STORED DATA section start

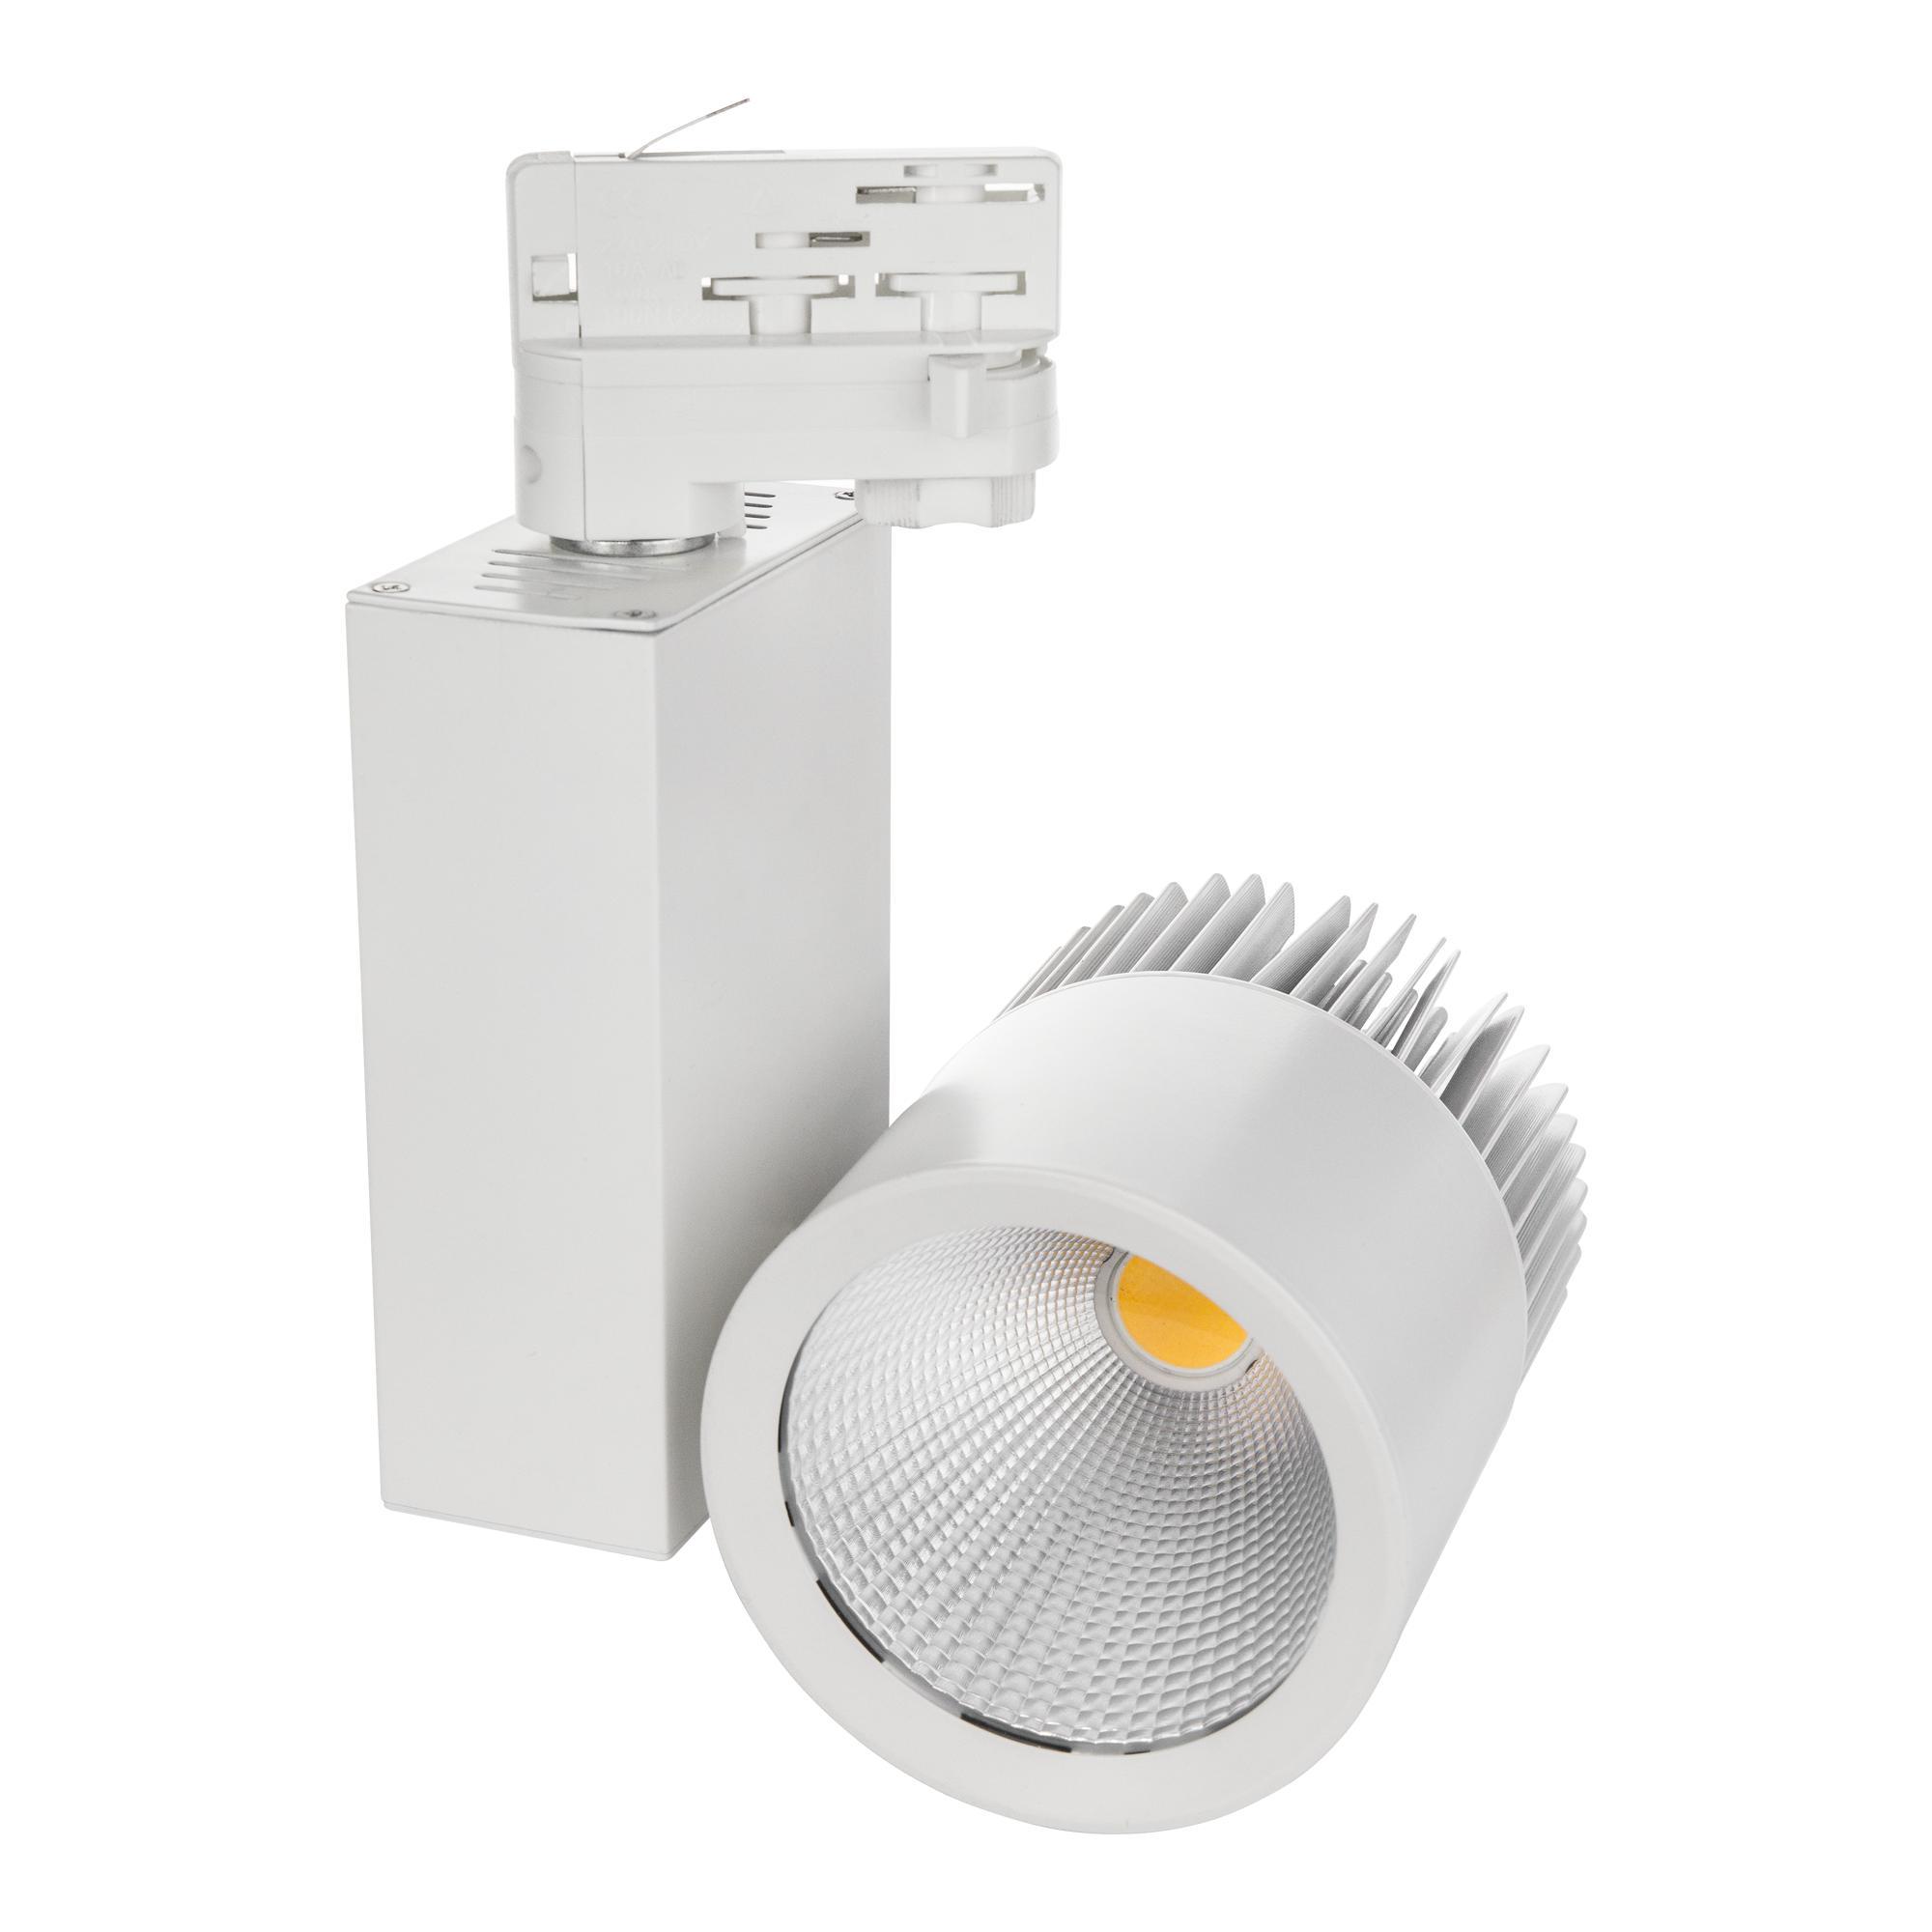 MDR APUS 930 35W 230V 36ST WHITE
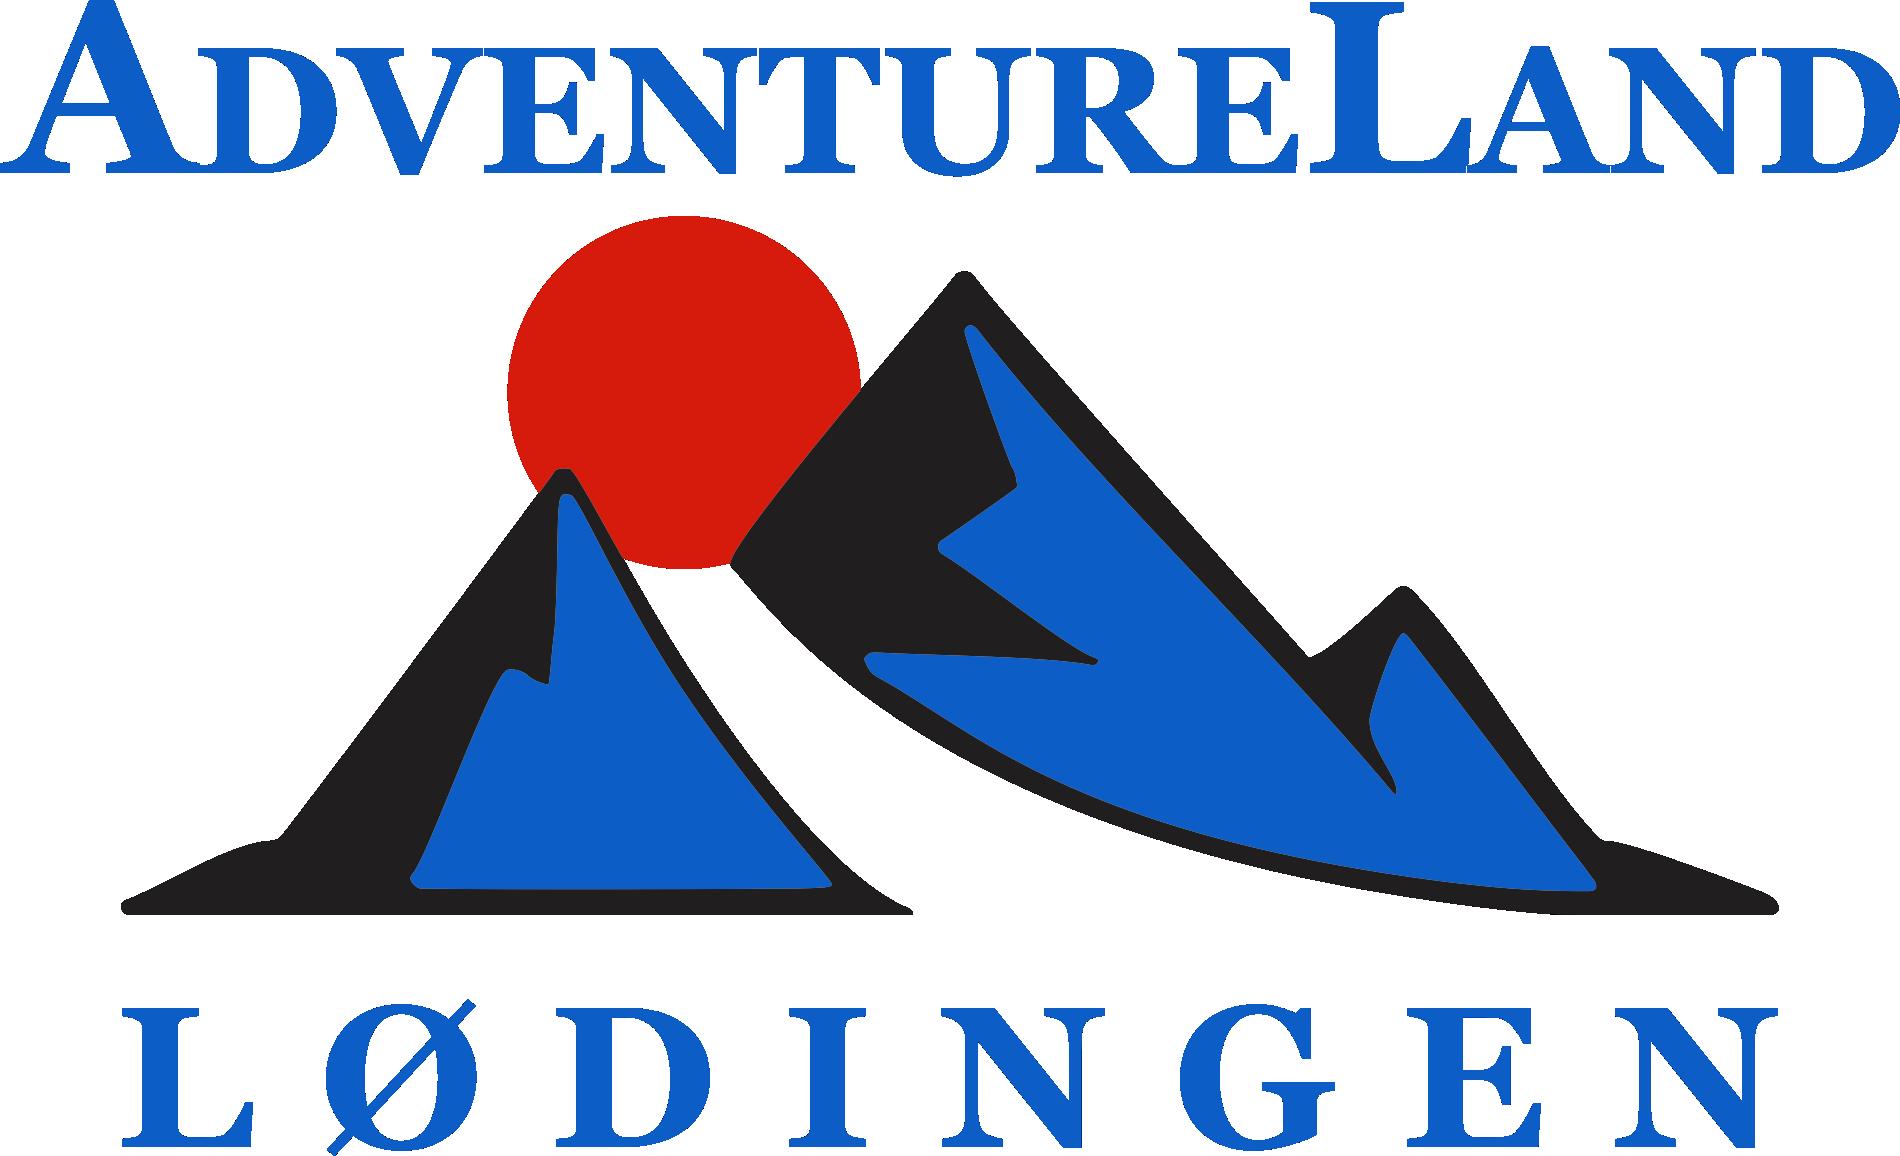 AdventureLand Lødingen
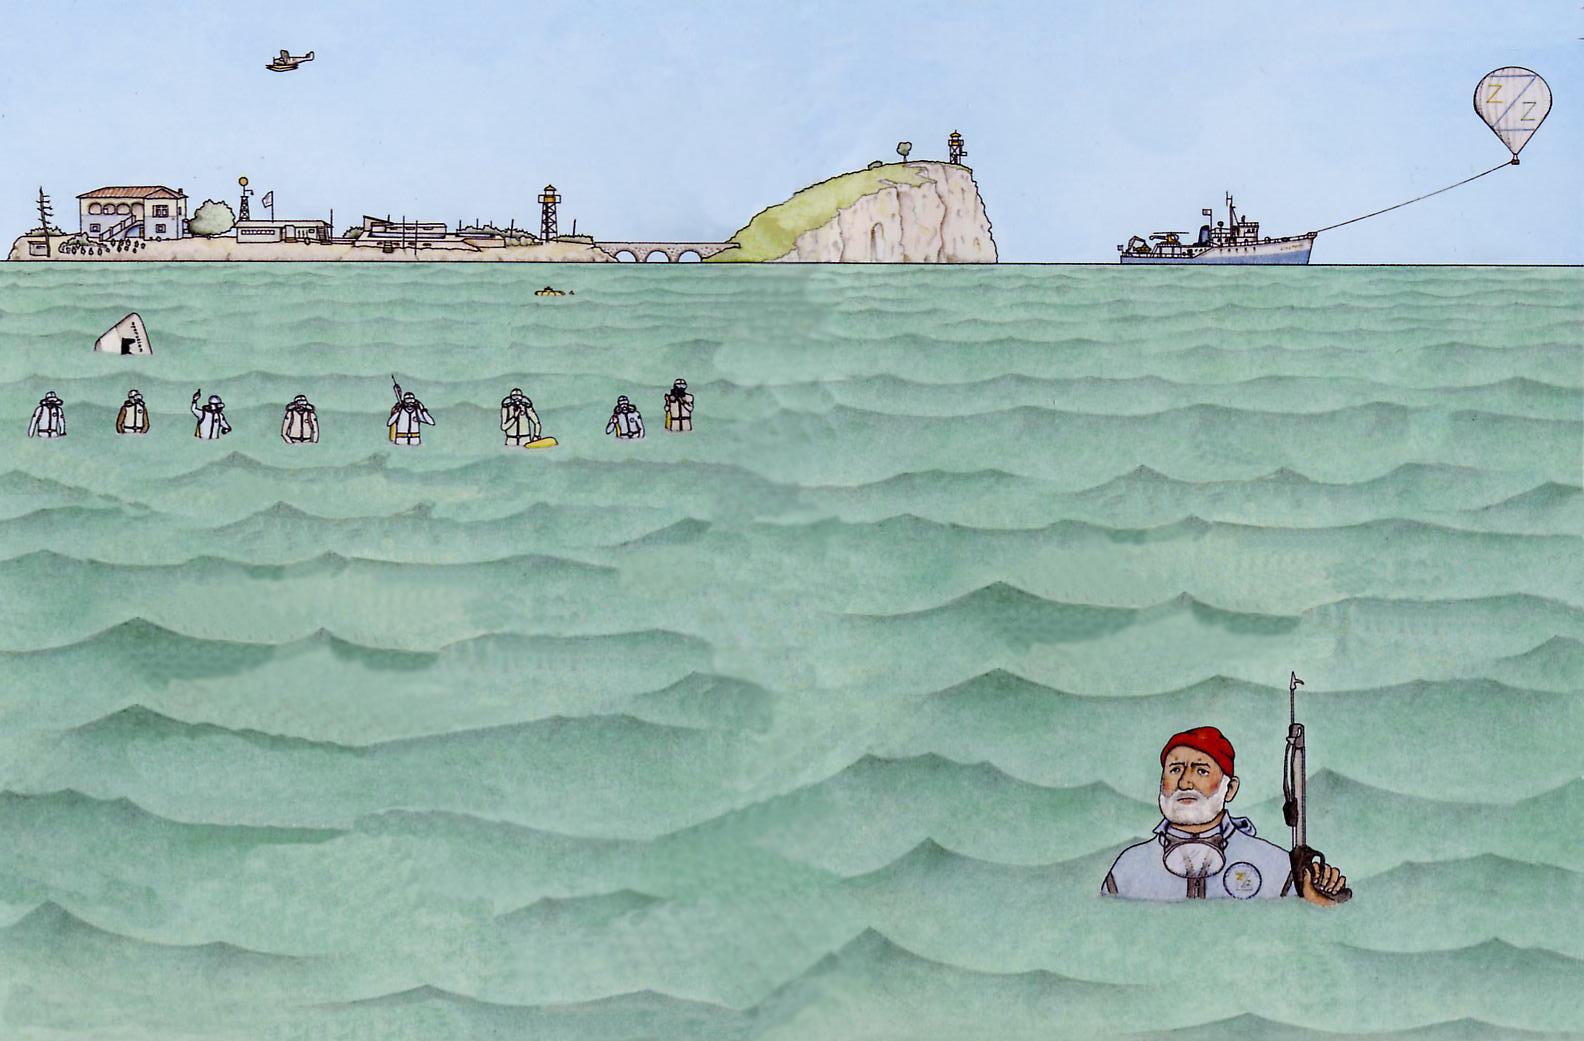 Aquatic Wallpaper by ~JAllenLang on deviantART

STORED DATA section end

REQUIRED ACTION: Every line above should be reproduced exactly, please, with no pictures included.

RESULT OF THE EXERCISE:
 MDR APUS 930 35W 230V 36ST WHITE
 AdventureLand Lødingen
 Aquatic Wallpaper by ~JAllenLang on deviantART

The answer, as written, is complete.